Realtors Most Risky Everyday Situations v2.0
Here’s version 2 of the common tasks to realtors. Learn the risks and precautions you can take to stay safe.
As a real estate professional, you just might not realize it but you put yourself at risk every day. Meeting new clients, showing properties, holding open houses, letting strangers get into your car, and even your marketing may be jeopardizing your personal safety. These everyday tasks seem harmless, but these situations can expose you to danger.
4. Open houses
You’re inviting the public to a property, which is an invitation to anyone, from thieves to those who might want to harm you.
Promote security in your advertisements. When you advertise the open house, note that identification will be required at the front door and video surveillance will be in use
Pair up. When would-be assailants see two people at the front door, they’ll be less likely to go in.
Introduce yourself to neighbors. Let them know you’ll be showing the house so others know that you are there.
Watch for patterns. At an open house, note any patterns in arrivals, particularly near the end of the open house. There’s this common scam where thieves come near the end of the open house, working as a team. They have “buyers” distract the agent as others steal valuables in the home.
Stow away valuables. Never leave your purse, laptop, or wallet unattended in plain view. Keep them in your car. However, always keep your cell phone on you so you can call for help if you need to.
5. Flashy personal marketing
Marketing materials that contain photos of yourself may attract the attention of criminals.
Avoid provocative photos in your marketing. Low-cut blouses, full-body photos, and looking over your shoulder in a sexy pose can send the wrong message to criminals.
Be cautious of what you wear. Only wear shoes that you can run in. Avoid short skirts, low-cut tops, and expensive jewelry.
Protect your personal information. Use your cell phone number and office address in your marketing so it can’t be tracked back to your home address. Never use your home address or home phone number. Also, don’t reveal to your client personal information about your children, where you live, and who you live with.
6. Transporting strangers in your car
You’re showing houses to potential buyers and chauffeuring them in your car from house to house.

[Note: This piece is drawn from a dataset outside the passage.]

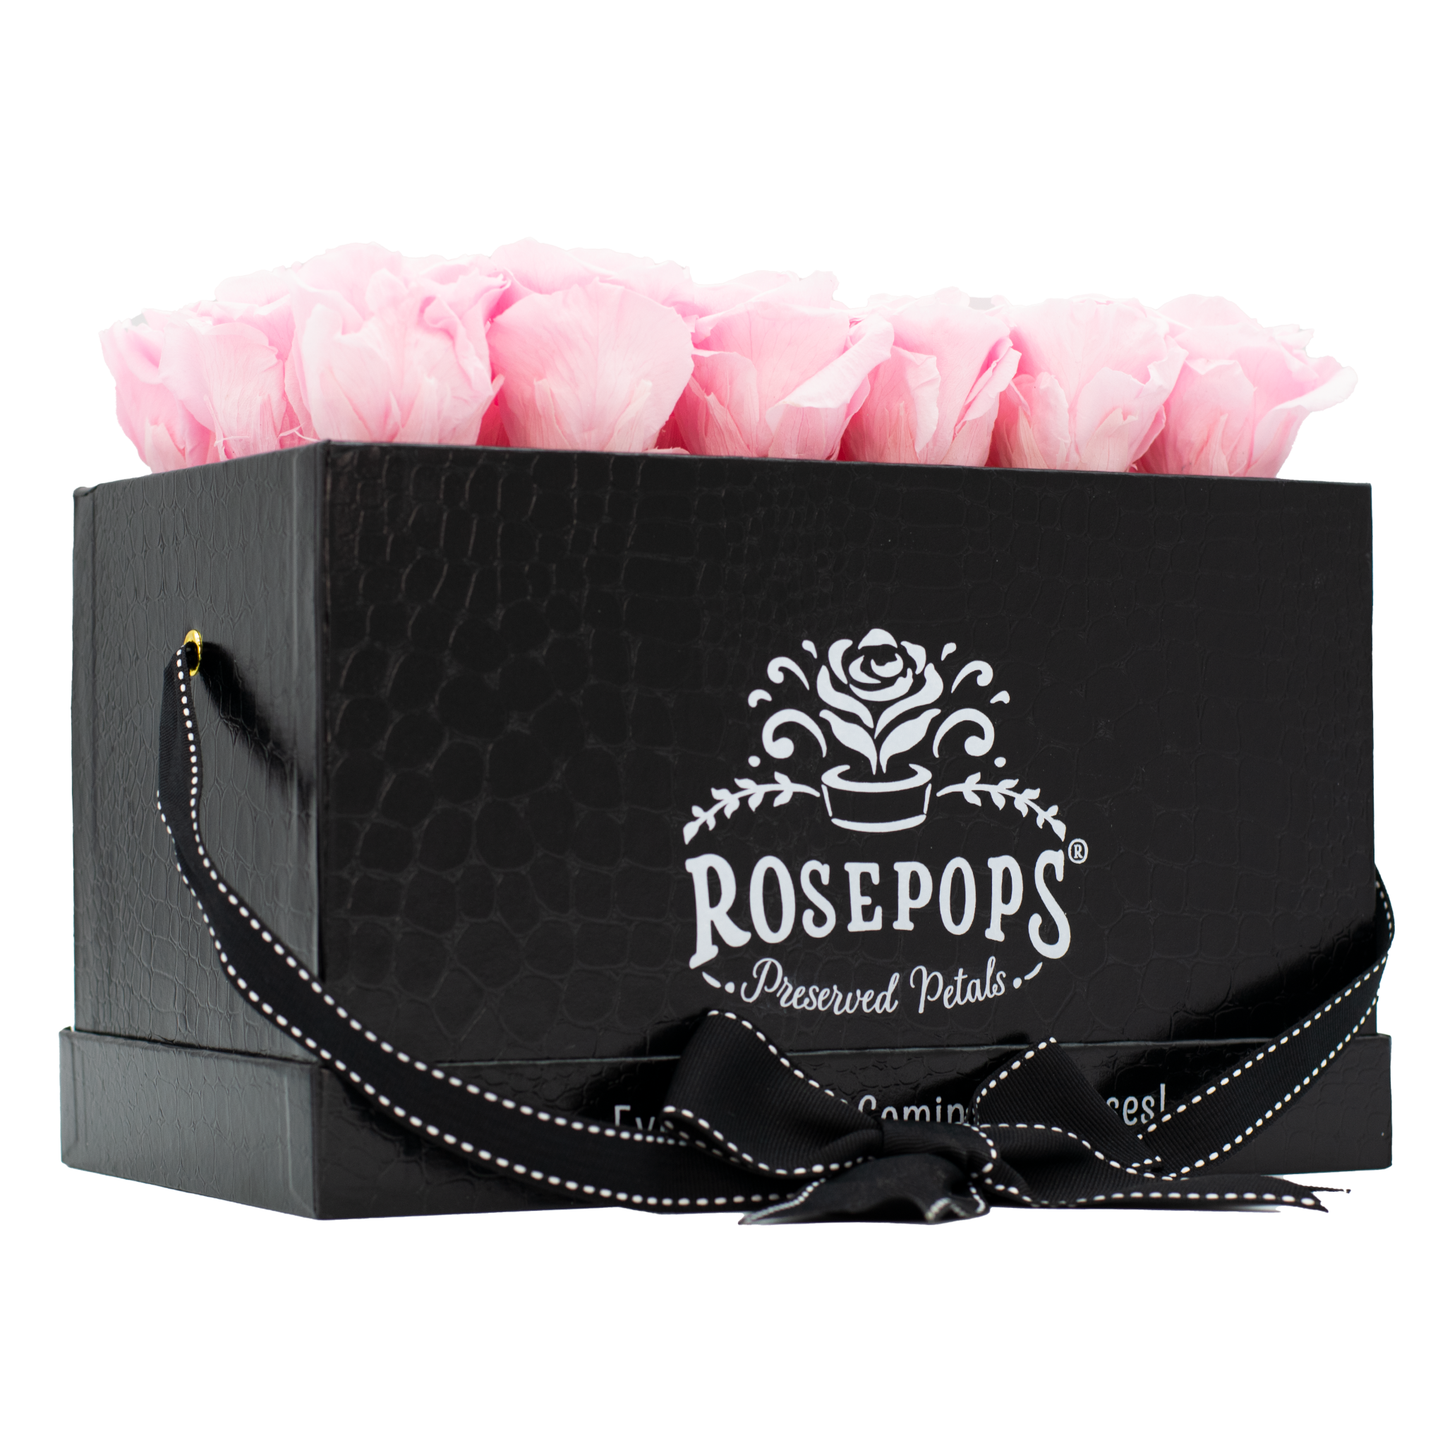 The Black Monogrammed Pop of the Line - Cotton Candy Roses

Most people don’t pick up hitchhikers, yet real estate professionals put strangers in their car all of the time and don’t think anything of it. There’s a risk of being robbed, your car being stolen, and you victimized and thrown to the side of the road.
Drive separately. Have the client follow you from listing to listing. If you absolutely have to take one car, then you should drive.
Watch where you park. Make sure your car won’t be blocked in and that you park in a place where you’ll be able to get out quickly.
Security is all about layers of protection. Open house signage, notation in ads, using the buddy system, everything that you do is an extra layer of security. The more you do, the more secure you’ll be. Do nothing and the more vulnerable you’ll be.